Let $A = \mathbb{Q}[x]$. Show that the ideal generated by $x^2-2$ is maximal.
I think it is sufficient to show that $\mathbb{Q}[x]/(x^2-2) \cong \mathbb{Q}\sqrt{2}$, where $\mathbb{Q}\sqrt{2} = \{a + b \sqrt{2} : a,b \in \mathbb{Q} \}$
I'm stuck on this problem.
Is anyone could help for this question?
On
Recall that an ideal $I$ in a ring $R$ is maximal if and only if $R/I$ is a field. To show that $\Bbb Q[x]/(x^2-2)$ is a field, you need to define a ring homomorphism $\phi : \Bbb Q [x]/(x^2-2) \rightarrow \Bbb Q(\sqrt2)$ by $\phi(a \overline x + b): = a\sqrt2 + b$, where $\overline x$ denotes the image of $x$ in the quotient ring, and check this is an isomorphism.
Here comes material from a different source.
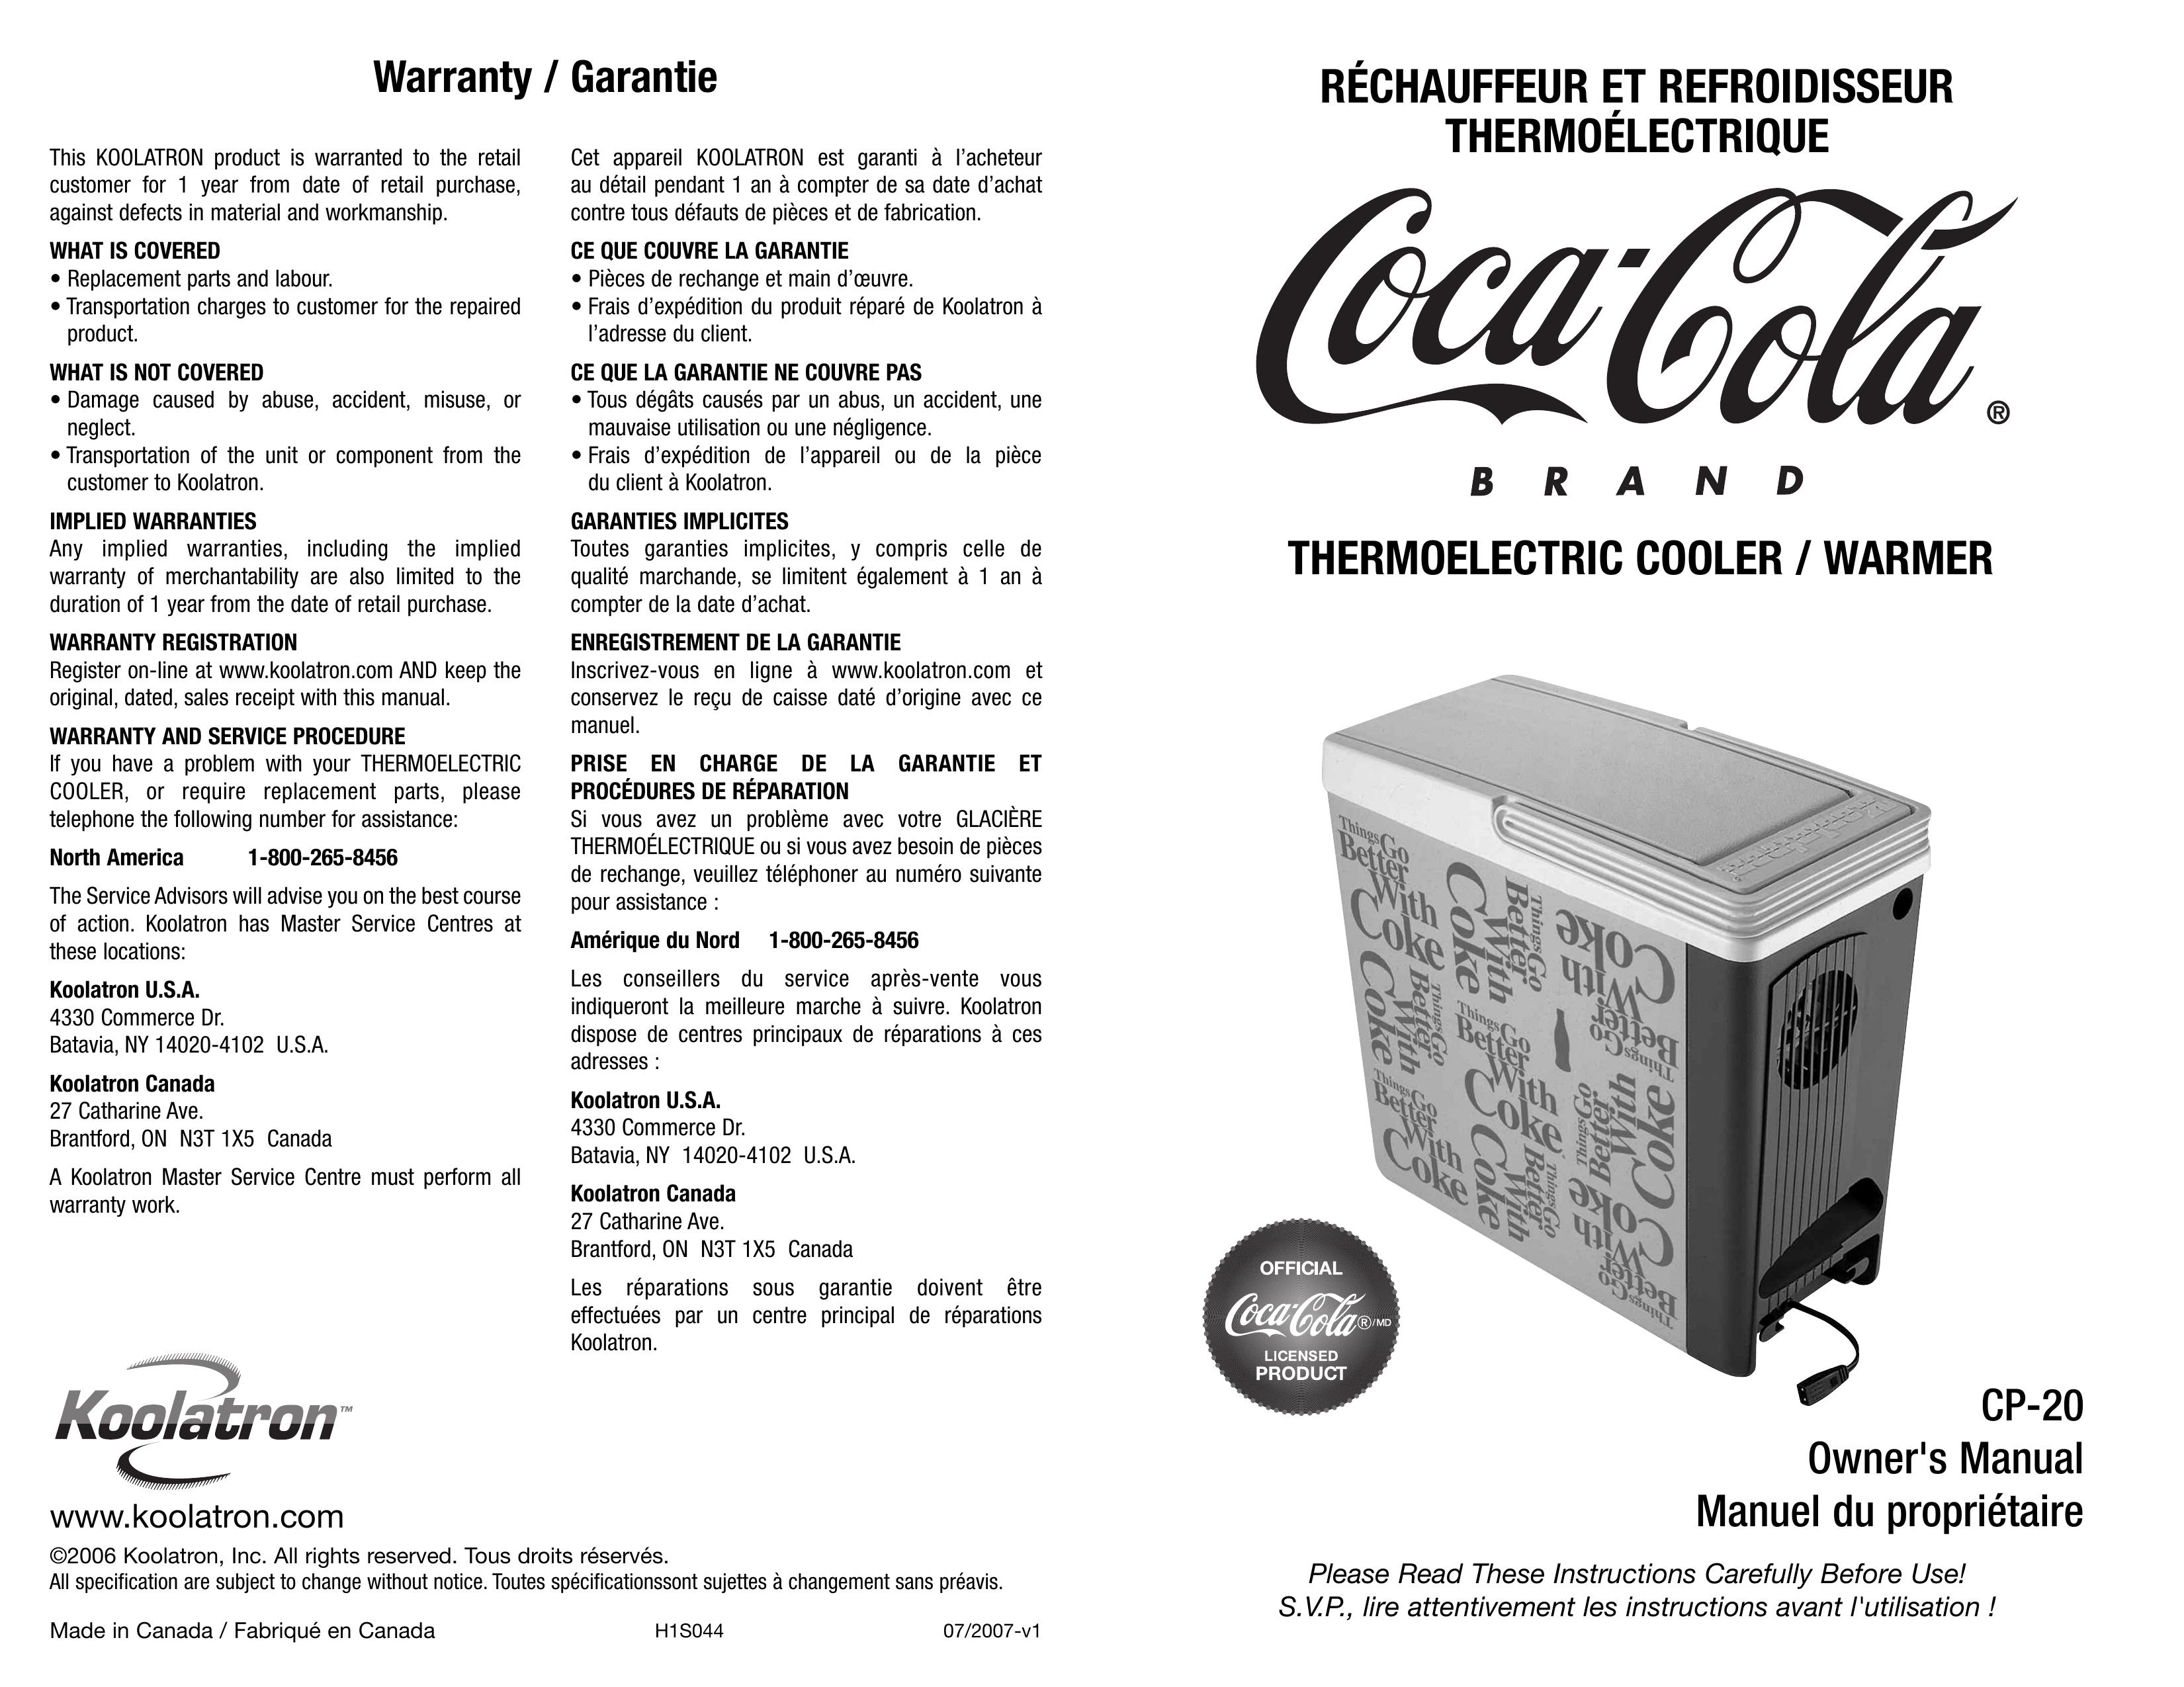 Koolatron CP-20 Refrigerator User Manual

Since the latter space is a field, you will be done.
Note that $\mathbb{Q}$ is a field, so $\mathbb{Q}[x]$ is a PID. In a PID $P$, if $p\in P$ then $\langle p\rangle$ is maximal iff $p$ is irreducible in $P$.
Now simply observe that $x^2-2$ has no roots in $\mathbb{Q}$, thus $x^2-2$ is irreducible in $\mathbb{Q}[x]$, so $\langle x^2-2\rangle$ is maximal.